▶

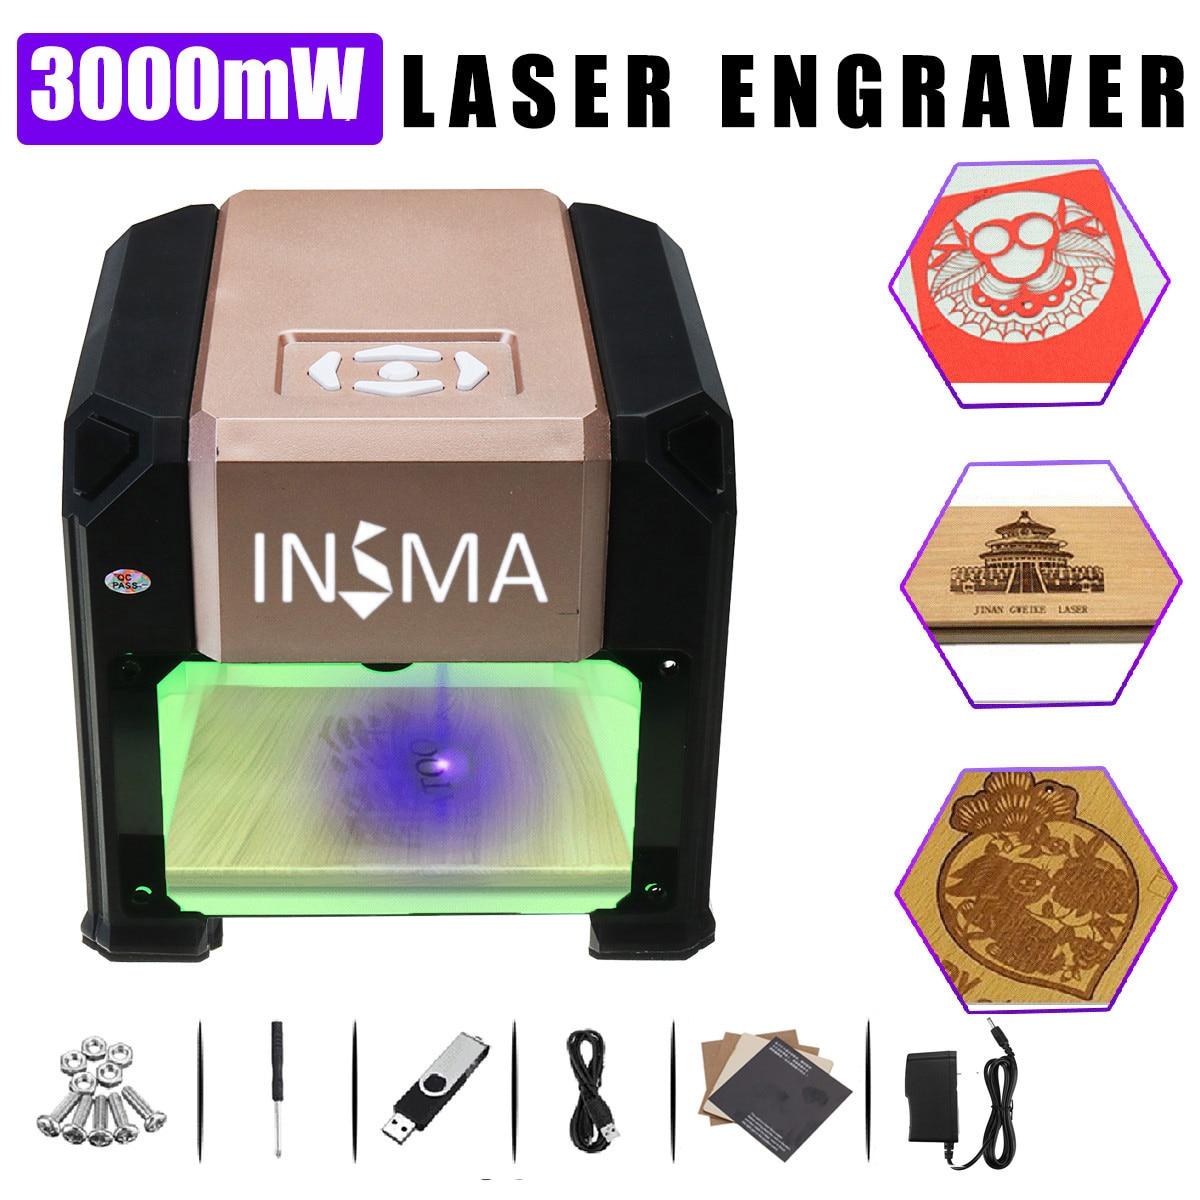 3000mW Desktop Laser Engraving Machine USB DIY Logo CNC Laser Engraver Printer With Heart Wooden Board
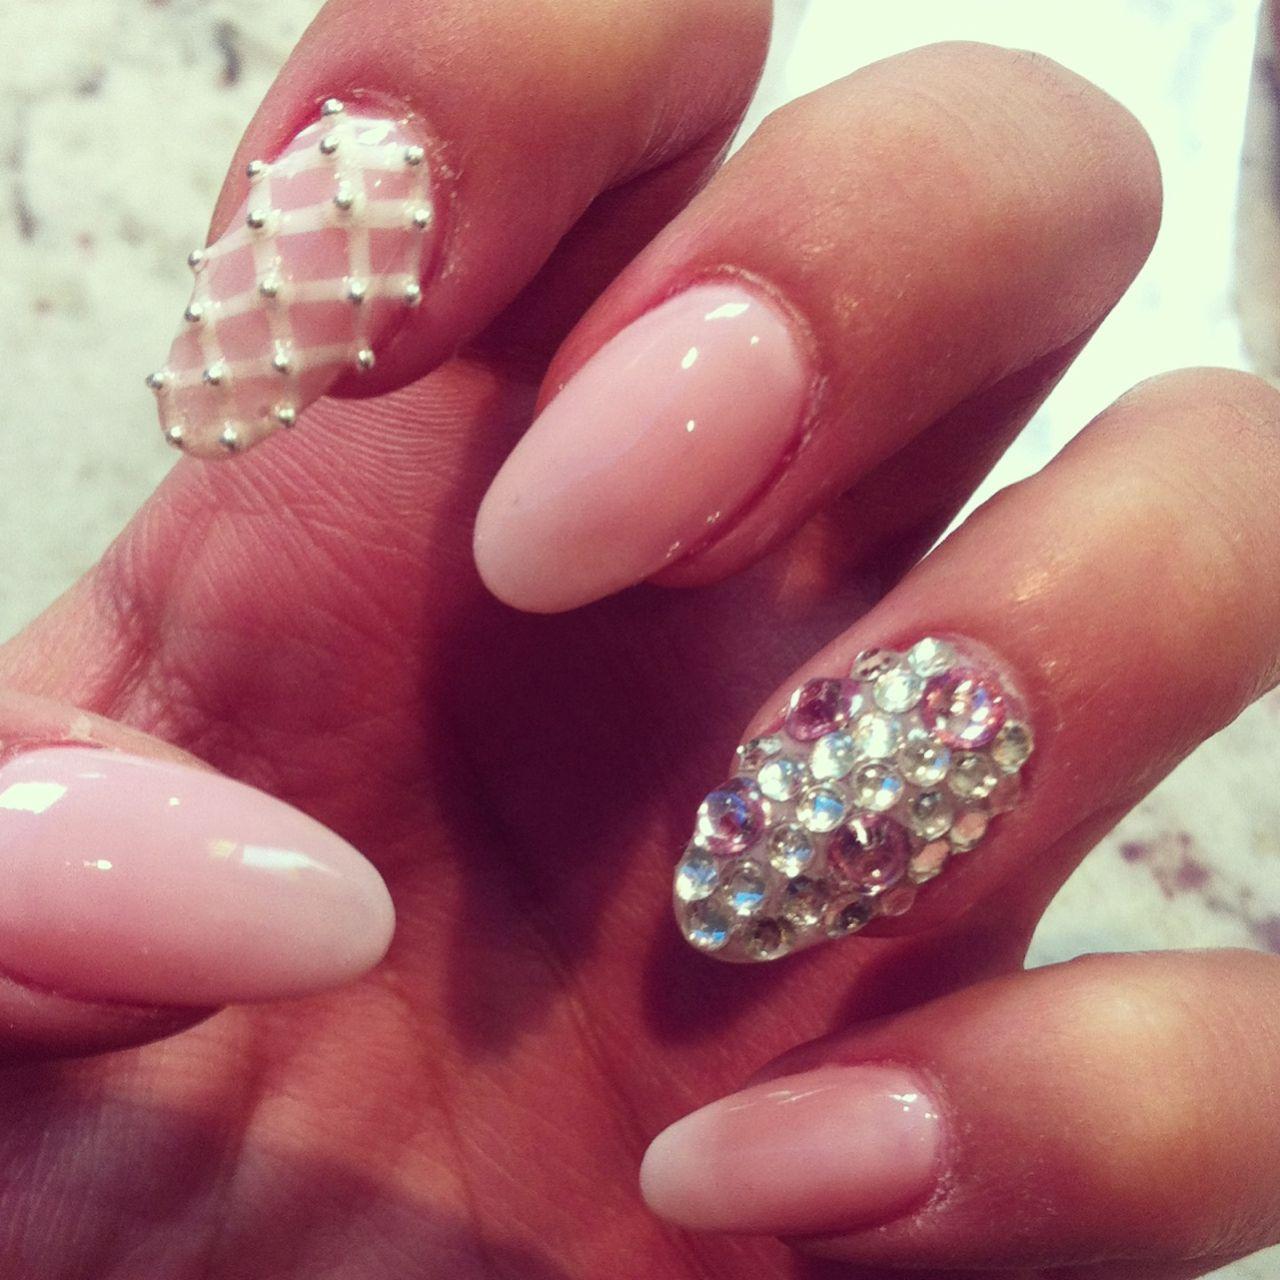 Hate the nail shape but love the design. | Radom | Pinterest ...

◀
▶

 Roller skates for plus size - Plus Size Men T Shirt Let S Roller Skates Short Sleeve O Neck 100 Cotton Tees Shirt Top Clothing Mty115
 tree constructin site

◀
▶

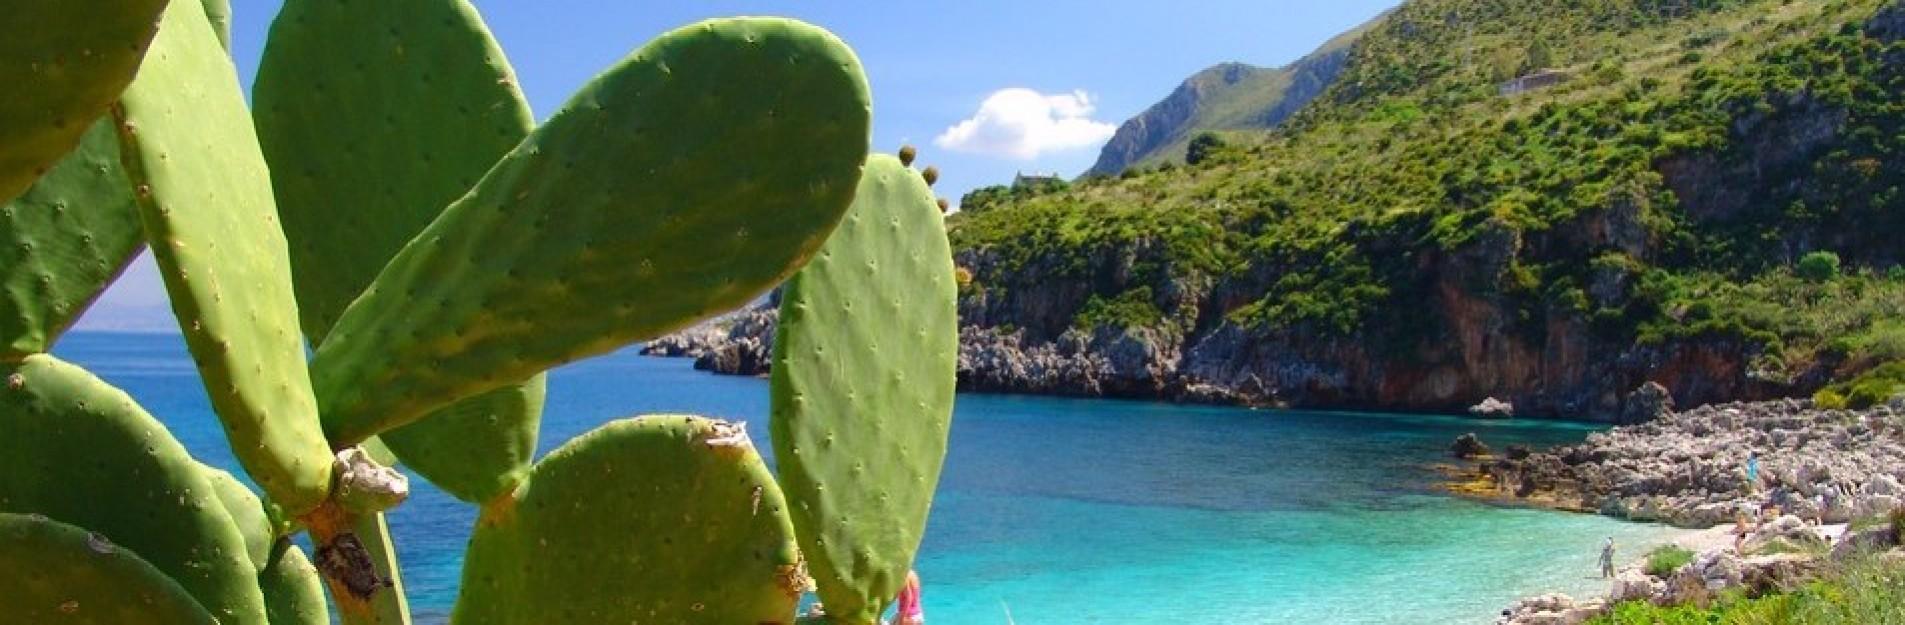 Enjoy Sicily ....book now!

◀

Task item: Exact copy, pictures excluded: from the line with "3000mW Desktop Laser" up to and including the line with "Hate the nail" in the data above.

Exercise answer:
 3000mW Desktop Laser Engraving Machine USB DIY Logo CNC Laser Engraver Printer With Heart Wooden Board
 Hate the nail shape but love the design. | Radom | Pinterest ...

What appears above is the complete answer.